DATASET SECTION ->
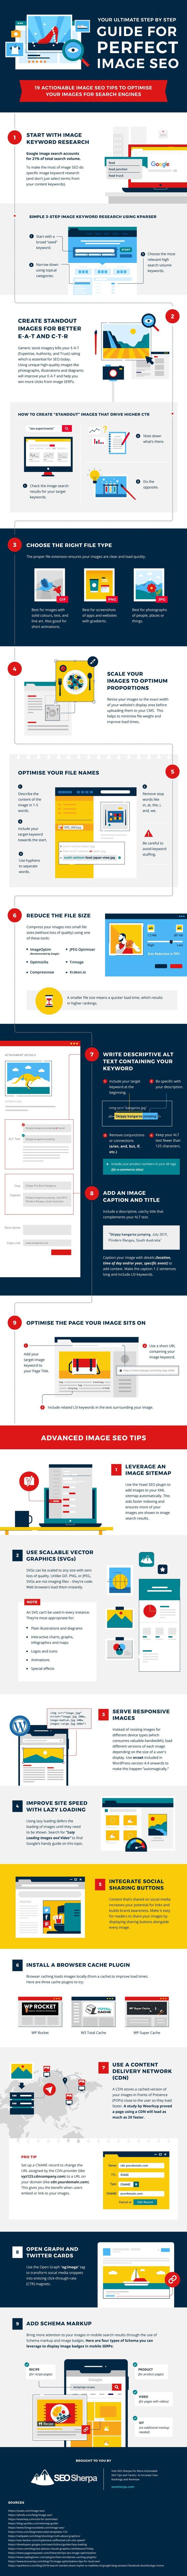 Infografía sobre optimización de imágenes
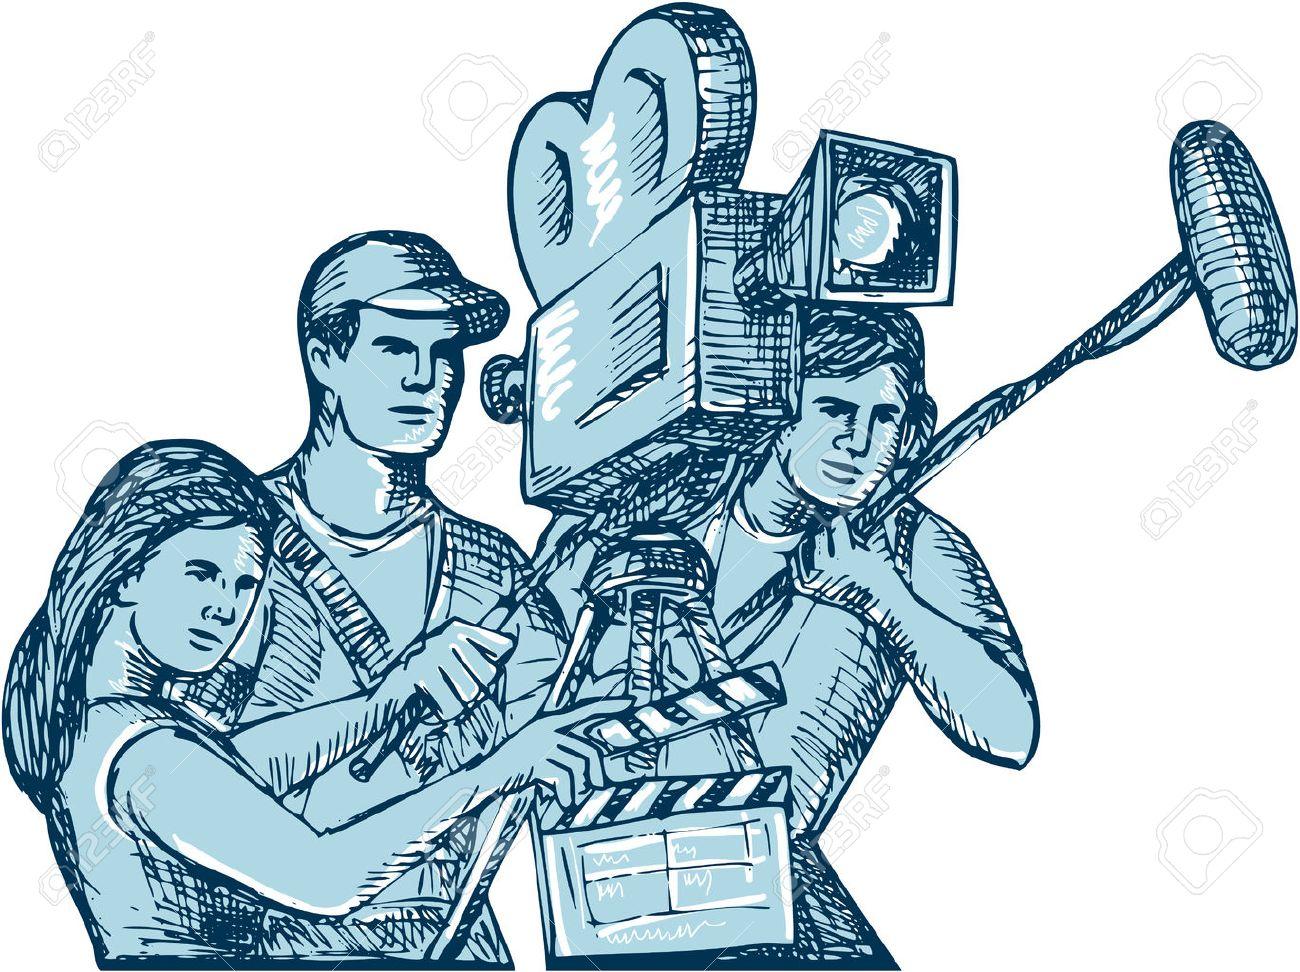 1300x972 Drawing Style Illustration Of A Film Crew Cameraman Soundman
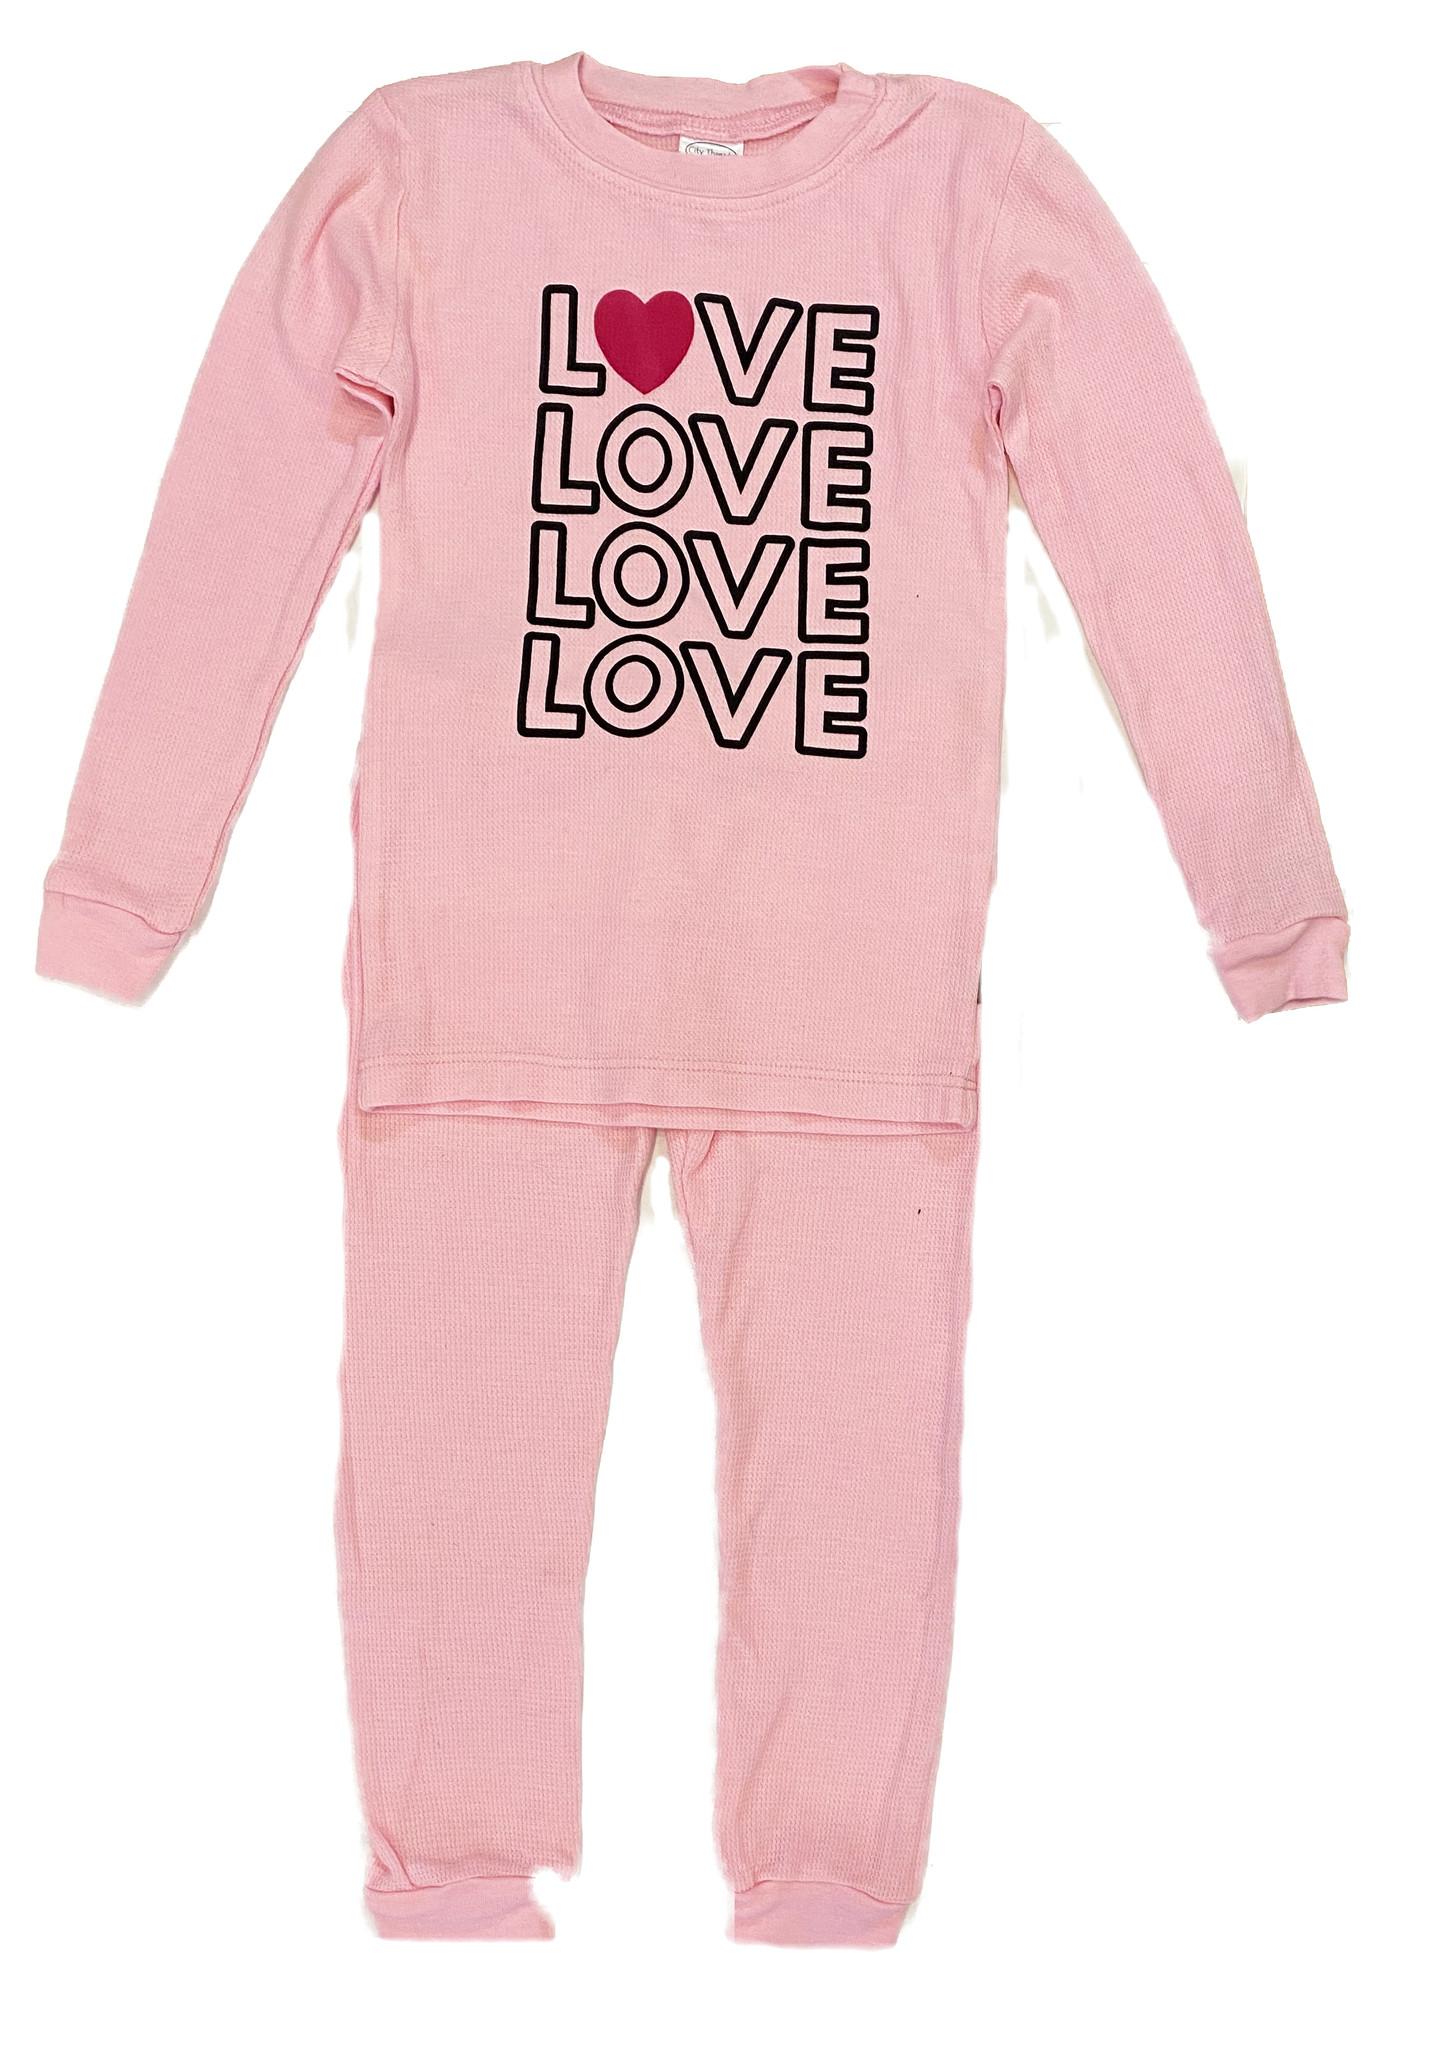 Love Heart Lt Pink Thermal PJ Set

EXERCISE BRIEF ->
From the first line to the last, repeat the material exactly, but drop the pictures.

ANSWER SPACE ->
 Infografía sobre optimización de imágenes
 1300x972 Drawing Style Illustration Of A Film Crew Cameraman Soundman
 Love Heart Lt Pink Thermal PJ Set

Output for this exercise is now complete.